▶ What you need to do: Print the data below exactly, but only the lines from the one containing "Ghiaccioli all'entrata di" down to the one containing "Kansa Distressed White Table Lamp - Image 2", inclusive.
<<<<
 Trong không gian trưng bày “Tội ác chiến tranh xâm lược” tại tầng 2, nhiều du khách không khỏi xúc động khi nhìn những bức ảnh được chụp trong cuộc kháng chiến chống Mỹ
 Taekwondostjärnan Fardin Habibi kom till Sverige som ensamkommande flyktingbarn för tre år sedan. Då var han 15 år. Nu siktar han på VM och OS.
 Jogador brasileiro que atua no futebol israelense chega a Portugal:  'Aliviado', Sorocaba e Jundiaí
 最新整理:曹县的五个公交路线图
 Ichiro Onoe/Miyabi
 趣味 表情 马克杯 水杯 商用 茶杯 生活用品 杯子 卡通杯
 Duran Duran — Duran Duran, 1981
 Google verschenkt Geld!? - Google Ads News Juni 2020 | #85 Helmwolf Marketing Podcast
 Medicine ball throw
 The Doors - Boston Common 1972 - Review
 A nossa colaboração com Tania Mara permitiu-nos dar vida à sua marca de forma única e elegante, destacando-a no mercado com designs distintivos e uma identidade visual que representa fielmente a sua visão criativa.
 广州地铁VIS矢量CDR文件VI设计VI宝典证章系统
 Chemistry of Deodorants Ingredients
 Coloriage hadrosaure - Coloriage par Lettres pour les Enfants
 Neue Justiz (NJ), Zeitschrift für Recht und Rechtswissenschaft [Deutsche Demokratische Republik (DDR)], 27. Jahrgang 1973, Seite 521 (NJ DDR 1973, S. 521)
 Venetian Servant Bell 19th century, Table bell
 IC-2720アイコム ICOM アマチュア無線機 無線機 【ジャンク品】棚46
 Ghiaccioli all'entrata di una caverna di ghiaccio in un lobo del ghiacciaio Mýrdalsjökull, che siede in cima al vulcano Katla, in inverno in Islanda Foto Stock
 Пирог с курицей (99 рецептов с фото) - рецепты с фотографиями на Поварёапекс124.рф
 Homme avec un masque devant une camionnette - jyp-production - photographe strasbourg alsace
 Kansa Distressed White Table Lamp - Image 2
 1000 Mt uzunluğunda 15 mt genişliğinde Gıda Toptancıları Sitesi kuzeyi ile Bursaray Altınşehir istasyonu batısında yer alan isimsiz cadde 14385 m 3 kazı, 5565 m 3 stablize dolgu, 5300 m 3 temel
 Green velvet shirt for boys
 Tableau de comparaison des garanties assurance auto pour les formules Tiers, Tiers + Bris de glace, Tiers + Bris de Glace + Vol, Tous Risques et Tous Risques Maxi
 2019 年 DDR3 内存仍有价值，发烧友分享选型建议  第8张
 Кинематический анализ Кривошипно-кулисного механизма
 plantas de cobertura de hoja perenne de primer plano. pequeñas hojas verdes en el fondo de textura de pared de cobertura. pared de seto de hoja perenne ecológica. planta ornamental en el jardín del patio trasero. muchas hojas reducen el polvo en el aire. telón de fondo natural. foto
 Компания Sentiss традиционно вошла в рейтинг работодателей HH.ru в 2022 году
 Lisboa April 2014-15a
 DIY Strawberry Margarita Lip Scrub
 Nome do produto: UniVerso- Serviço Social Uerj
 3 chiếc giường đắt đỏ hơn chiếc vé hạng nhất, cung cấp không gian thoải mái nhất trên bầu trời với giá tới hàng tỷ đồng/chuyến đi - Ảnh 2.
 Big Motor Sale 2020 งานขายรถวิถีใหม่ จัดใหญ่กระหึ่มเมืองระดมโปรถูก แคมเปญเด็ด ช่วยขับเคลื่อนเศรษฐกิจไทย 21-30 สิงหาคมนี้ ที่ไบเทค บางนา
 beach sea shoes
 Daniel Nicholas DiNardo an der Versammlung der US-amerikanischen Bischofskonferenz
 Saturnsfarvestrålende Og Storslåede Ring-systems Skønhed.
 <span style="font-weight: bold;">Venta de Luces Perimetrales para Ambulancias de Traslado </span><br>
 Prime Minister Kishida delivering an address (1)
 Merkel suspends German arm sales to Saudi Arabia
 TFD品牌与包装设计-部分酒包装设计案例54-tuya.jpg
>>>>
▶ Task response:
 Ghiaccioli all'entrata di una caverna di ghiaccio in un lobo del ghiacciaio Mýrdalsjökull, che siede in cima al vulcano Katla, in inverno in Islanda Foto Stock
 Пирог с курицей (99 рецептов с фото) - рецепты с фотографиями на Поварёапекс124.рф
 Homme avec un masque devant une camionnette - jyp-production - photographe strasbourg alsace
 Kansa Distressed White Table Lamp - Image 2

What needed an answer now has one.